-- WHAT IS BEING ASKED --
Among the records below, which lines contain the string "Foundation"? Report them.

-- EXTRACTED INFORMATION --
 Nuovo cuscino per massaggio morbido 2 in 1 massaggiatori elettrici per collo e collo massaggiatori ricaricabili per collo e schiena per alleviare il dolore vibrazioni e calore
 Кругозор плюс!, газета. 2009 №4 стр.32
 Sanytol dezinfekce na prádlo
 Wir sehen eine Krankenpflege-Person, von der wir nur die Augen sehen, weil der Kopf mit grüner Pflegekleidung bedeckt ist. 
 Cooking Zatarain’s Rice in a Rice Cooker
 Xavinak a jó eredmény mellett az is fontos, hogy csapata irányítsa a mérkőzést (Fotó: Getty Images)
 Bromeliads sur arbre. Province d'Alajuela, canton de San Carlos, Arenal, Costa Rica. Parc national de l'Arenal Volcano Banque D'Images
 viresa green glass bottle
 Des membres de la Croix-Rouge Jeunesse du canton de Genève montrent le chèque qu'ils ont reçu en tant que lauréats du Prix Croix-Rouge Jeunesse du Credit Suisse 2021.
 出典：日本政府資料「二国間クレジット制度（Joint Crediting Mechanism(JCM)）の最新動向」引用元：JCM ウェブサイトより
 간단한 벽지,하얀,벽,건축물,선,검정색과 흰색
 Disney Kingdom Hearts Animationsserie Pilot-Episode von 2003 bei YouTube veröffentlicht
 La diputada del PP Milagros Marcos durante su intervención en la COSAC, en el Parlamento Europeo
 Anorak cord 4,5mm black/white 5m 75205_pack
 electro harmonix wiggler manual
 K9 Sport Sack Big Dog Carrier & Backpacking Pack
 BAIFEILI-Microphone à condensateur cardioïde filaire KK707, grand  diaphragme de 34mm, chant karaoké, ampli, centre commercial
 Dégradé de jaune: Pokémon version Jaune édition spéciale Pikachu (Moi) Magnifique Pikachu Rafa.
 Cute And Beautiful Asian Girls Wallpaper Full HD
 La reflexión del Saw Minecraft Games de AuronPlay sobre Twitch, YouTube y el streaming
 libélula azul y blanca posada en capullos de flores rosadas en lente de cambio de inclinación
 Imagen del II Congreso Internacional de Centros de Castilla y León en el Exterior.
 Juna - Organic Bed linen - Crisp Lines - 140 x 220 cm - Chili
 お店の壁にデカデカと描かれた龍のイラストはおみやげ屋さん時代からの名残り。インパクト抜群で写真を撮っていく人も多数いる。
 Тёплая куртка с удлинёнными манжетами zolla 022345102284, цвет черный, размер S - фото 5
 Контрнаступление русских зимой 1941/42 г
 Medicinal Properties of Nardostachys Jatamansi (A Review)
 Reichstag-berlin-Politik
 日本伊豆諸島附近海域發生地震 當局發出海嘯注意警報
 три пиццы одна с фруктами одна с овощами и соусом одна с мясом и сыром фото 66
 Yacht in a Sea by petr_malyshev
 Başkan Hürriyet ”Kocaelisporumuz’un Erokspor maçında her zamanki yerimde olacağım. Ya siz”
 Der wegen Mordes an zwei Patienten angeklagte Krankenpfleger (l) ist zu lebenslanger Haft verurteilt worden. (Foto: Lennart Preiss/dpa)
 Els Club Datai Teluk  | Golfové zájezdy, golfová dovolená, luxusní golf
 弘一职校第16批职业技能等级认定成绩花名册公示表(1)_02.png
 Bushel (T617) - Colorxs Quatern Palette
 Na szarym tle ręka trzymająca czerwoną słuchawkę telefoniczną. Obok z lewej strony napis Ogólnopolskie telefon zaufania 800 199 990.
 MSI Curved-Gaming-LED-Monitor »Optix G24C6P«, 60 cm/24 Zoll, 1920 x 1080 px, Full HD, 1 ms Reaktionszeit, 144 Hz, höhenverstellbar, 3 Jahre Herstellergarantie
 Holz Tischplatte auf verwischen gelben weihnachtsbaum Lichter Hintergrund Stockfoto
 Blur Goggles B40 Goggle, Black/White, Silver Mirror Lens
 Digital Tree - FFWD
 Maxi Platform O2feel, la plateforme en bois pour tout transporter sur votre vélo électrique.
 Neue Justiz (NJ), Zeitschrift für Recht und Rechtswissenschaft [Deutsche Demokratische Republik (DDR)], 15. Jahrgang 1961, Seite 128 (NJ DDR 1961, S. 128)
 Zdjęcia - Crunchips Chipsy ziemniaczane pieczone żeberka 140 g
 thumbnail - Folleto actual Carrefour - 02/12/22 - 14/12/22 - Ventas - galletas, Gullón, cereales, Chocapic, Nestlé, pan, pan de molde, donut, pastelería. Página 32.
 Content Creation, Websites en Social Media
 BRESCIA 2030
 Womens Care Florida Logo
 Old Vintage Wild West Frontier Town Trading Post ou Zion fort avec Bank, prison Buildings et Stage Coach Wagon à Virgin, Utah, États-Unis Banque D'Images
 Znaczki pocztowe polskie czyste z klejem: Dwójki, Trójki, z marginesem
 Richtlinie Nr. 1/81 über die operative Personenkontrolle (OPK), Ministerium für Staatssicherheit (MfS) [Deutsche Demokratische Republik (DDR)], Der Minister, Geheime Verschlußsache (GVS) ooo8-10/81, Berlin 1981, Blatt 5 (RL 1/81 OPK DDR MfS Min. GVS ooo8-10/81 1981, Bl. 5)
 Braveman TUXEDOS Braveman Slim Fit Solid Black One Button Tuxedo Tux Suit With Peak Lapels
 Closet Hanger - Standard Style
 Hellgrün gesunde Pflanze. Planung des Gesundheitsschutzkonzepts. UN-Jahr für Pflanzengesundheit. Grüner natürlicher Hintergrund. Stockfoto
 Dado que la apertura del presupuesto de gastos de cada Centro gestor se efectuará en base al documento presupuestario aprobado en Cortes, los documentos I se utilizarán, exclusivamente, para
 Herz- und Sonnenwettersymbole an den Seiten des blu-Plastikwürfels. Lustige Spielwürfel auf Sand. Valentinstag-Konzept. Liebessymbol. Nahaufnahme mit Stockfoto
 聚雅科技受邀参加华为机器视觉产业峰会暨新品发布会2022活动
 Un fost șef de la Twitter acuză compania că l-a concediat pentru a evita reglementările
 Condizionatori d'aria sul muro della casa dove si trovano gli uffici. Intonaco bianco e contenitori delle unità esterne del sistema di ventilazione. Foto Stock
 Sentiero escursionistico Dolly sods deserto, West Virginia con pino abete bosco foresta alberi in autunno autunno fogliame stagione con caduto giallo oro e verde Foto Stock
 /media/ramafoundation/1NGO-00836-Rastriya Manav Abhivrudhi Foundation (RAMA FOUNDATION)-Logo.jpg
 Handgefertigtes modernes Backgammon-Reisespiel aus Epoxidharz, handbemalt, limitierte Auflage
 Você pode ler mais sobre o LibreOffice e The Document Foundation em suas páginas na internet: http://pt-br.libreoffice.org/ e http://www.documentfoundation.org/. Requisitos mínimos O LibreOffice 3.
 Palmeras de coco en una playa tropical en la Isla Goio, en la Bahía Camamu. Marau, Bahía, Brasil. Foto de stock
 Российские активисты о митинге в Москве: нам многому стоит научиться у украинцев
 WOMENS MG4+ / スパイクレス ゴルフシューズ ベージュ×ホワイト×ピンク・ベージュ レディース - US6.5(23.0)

-- ANSWER TO THIS PROBLEM --
 /media/ramafoundation/1NGO-00836-Rastriya Manav Abhivrudhi Foundation (RAMA FOUNDATION)-Logo.jpg
 Você pode ler mais sobre o LibreOffice e The Document Foundation em suas páginas na internet: http://pt-br.libreoffice.org/ e http://www.documentfoundation.org/. Requisitos mínimos O LibreOffice 3.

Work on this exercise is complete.